Liebig · 08/11/2022 22:01

BerriesOnTop · 08/11/2022 20:13

The only question will be whether nyc, Shanghai and Jakarta will be underwater by then

You know we have technology to mitigate that, don’t you? The Dutch know all about it 😂

The USA will need to spend $400bn. in the next 20 years on coastal defences.

lol, sure, we'll just build walls around everything. Do it in Minecraft all the time. Let's ask the Dutch.

Or, and hear me out, those places will be abandoned. Like Miami and the goobers buying real estate there still.

LemonSwan · 08/11/2022 22:06

Interested in what you think the solution is Liebig? Or are you saying it’s too far gone and all in vain.

Liebig · 08/11/2022 22:11

LemonSwan · 08/11/2022 22:06

Interested in what you think the solution is Liebig? Or are you saying it’s too far gone and all in vain.

There isn't one.

Also...

LemonSwan · 08/11/2022 22:13

😭 better make the most of it then. To civilisation as we knew it Brew

Liebig · 08/11/2022 22:18

Though real talk, I'm not saying do nothing. I'm just saying that swallowing greenwashing propaganda and ritually worshipping the altar of technology or human ingenuity is misguided. It got us into this mess, how can it possibly get us out?

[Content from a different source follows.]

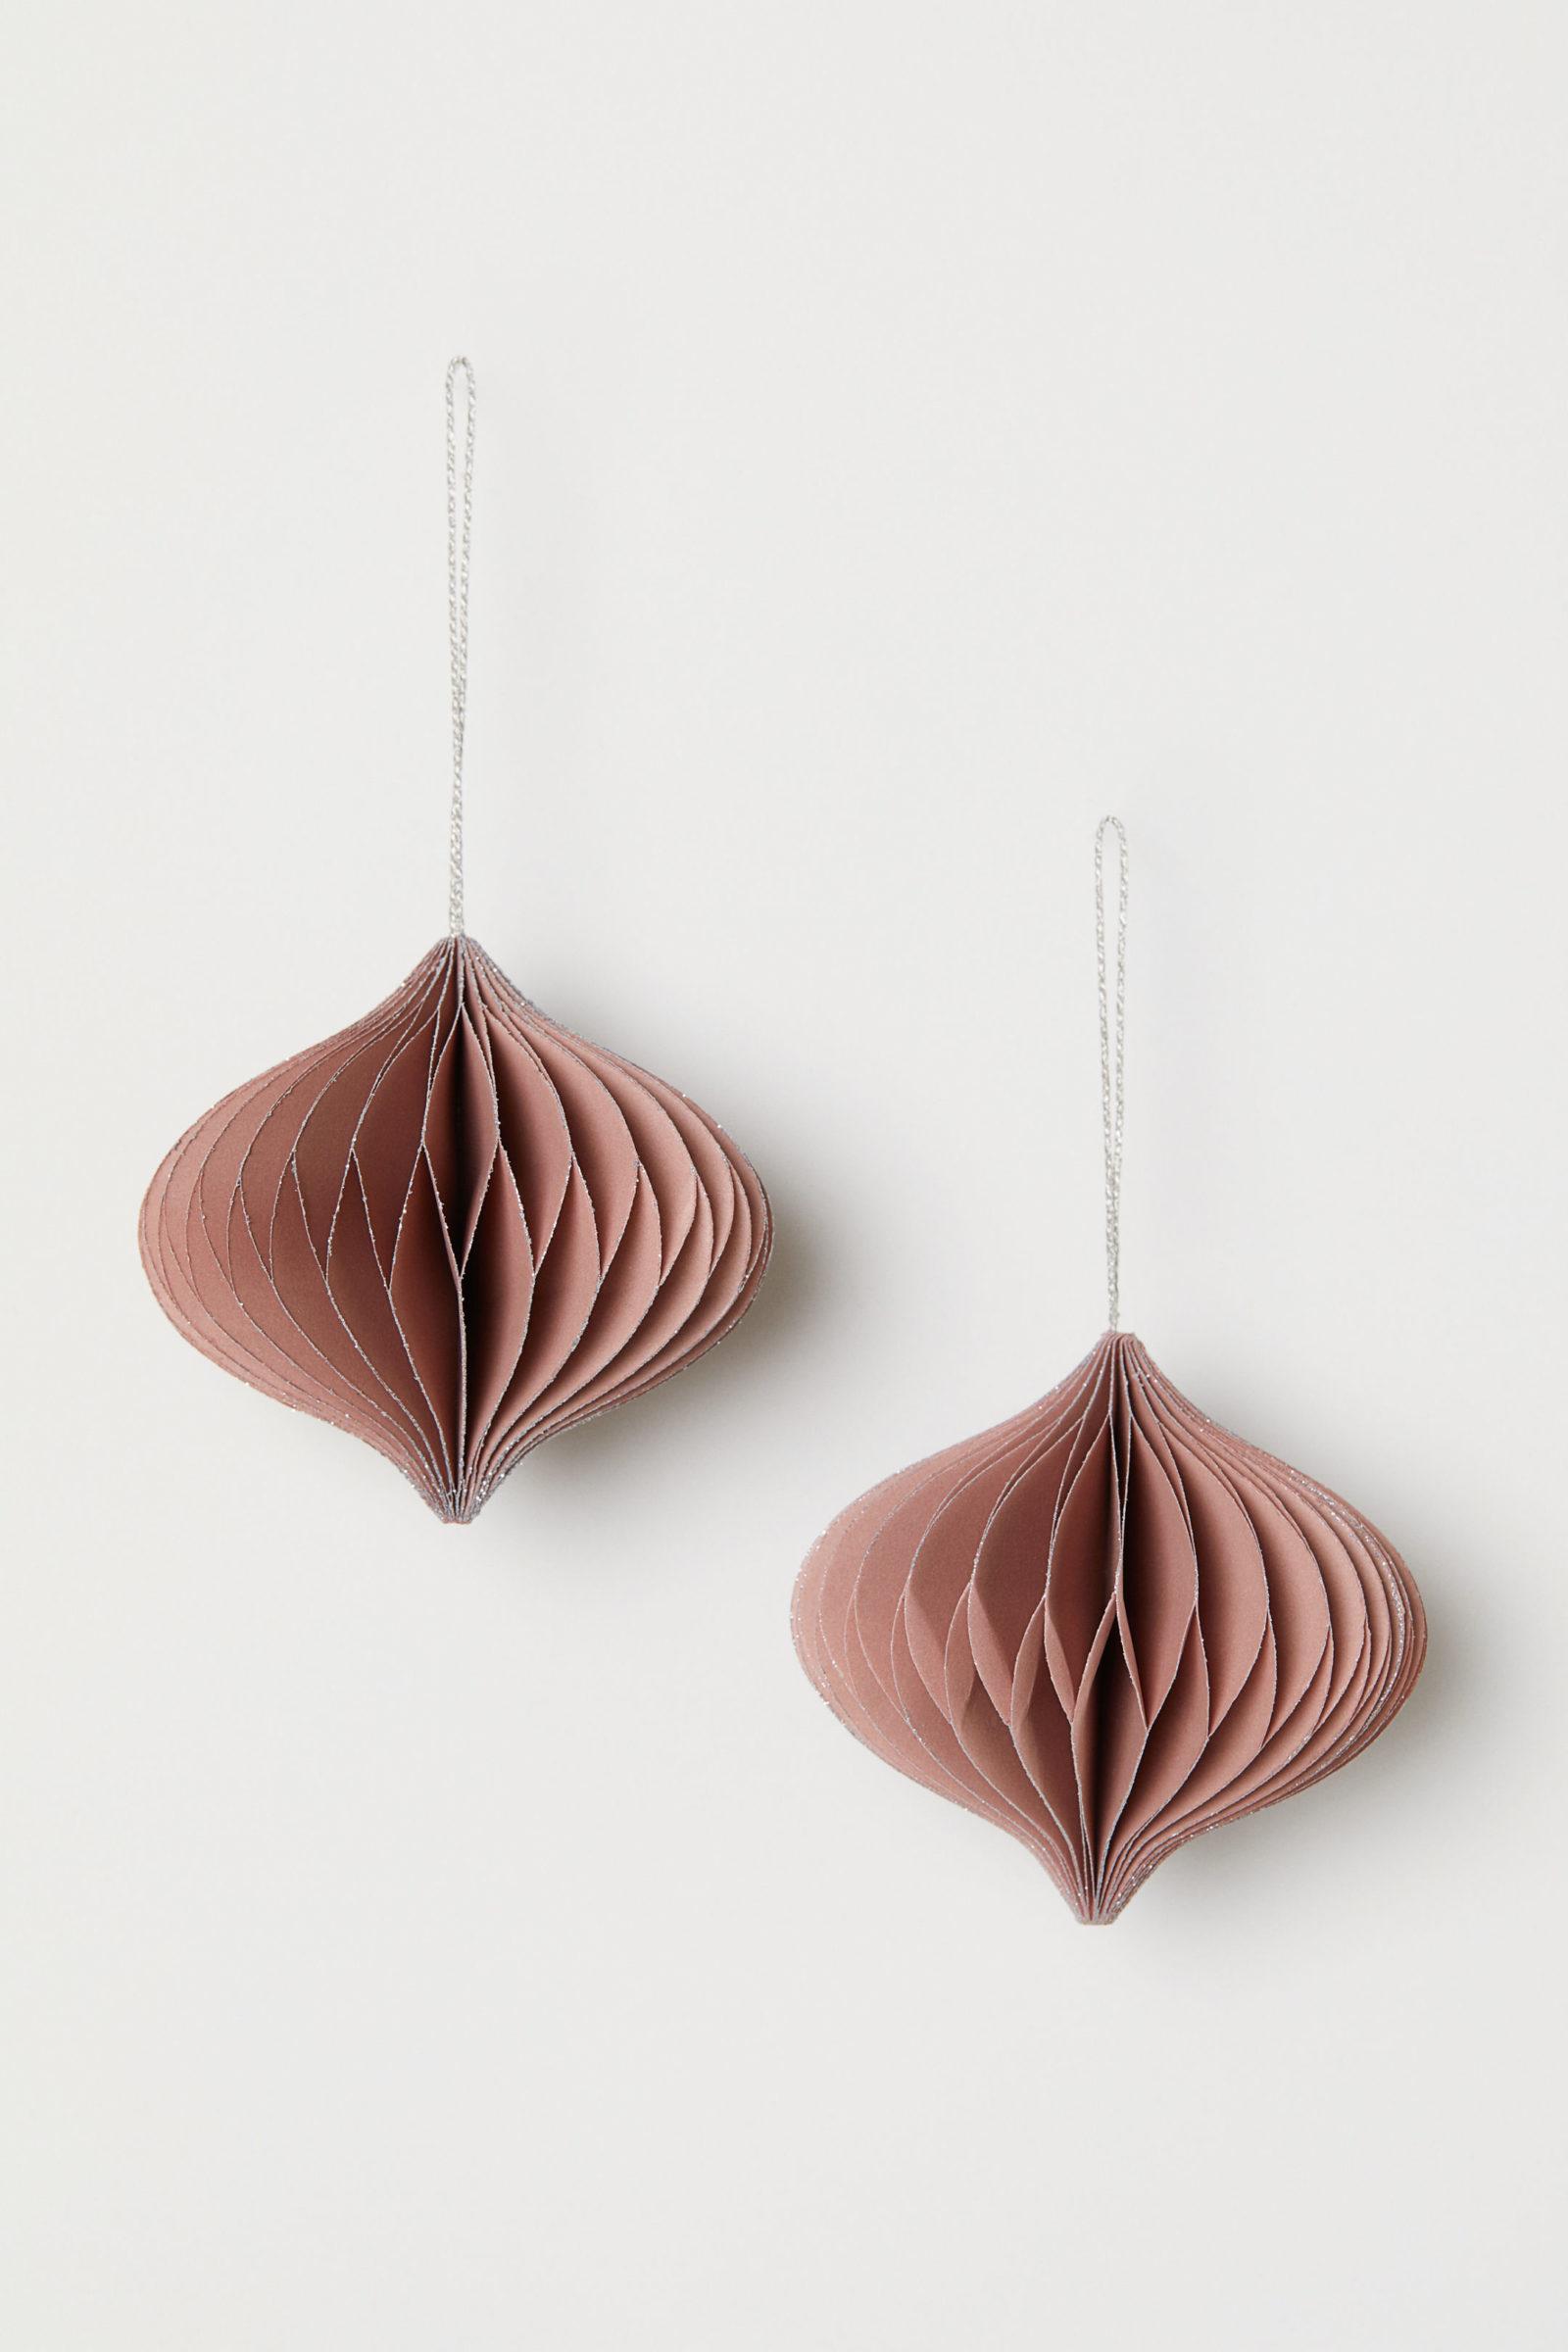 H&M Paper ornament

Use less, travel less, have fewer kids (population bomb? More like where are all the workers now), and just generally be less consumer focused and less dickish to one another. It's going to become the norm anyway as energy becomes vastly less available and much more expensive, so just consider yourself as getting ahead of the curve for when you have to do this. Like being on Mastodon before the big Twitter rout occurs.

But the other option is just go balls to the wall mental and max out the credit card as is your god given right as Americans consumers and let the politicians and eggheads solve your problems. Only filthy hippies want things like fresh water, uncontaminated soil and food, and clean air to breathe.

What has nature done for us anyway?

Just Stop Oil's daily protests
LemonSwan · 08/11/2022 23:16

I think we have a similar view. I am probably more optimistic than you that human ingenuity can solve this problem; or less ingenuity and more a return to previous wisdom about the natural balance we can find with the earth and it’s ecosystems. I do think we will have to do this quite soon if we wish to continue eating food so holding onto some hope there that ‘needs must’ forces the situation.

Share your pessimism about society getting blind sighted and latching on to certain directions with no thought to the rest of the equation. There’s so much that gets wrapped up in these things. For example is it more sustainable for us to turn the heating off and return to living in furs. Probably. Would that pass the eco cabal ethics committee 🤣 Well no.

I think I am going straight down the middle; a bit of ‘fuck it’ making the most and a bit of use less. I haven’t had an abroad holiday in 4 years. Am I going to Madeira next year - hell yes; and if I can afford to take my little one skiing in Europe at some point over the next decade then I absolutely will with no guilt whatsoever. It’s probably my best childhood memory and I hope I can give him that same opportunity to stand at the top of a mountain and look over the world and it’s beauty and breathe fresh mountain air even if for just a week.

I feel I contribute positively in my day job. I certainly am doing more than someone sitting on a motorway sign with a placard. Do I feel guilty about an occasional holiday when celebs fly transatlantic 20 times a year to extol virtues on us all - not really. Perhaps we should earn points to use like a club card. Useful Action +10, Virtue Speech - 50?

That’s me minus 50 then 🤣

Liebig · 08/11/2022 23:21

@LemonSwan I'm onboard with all of this.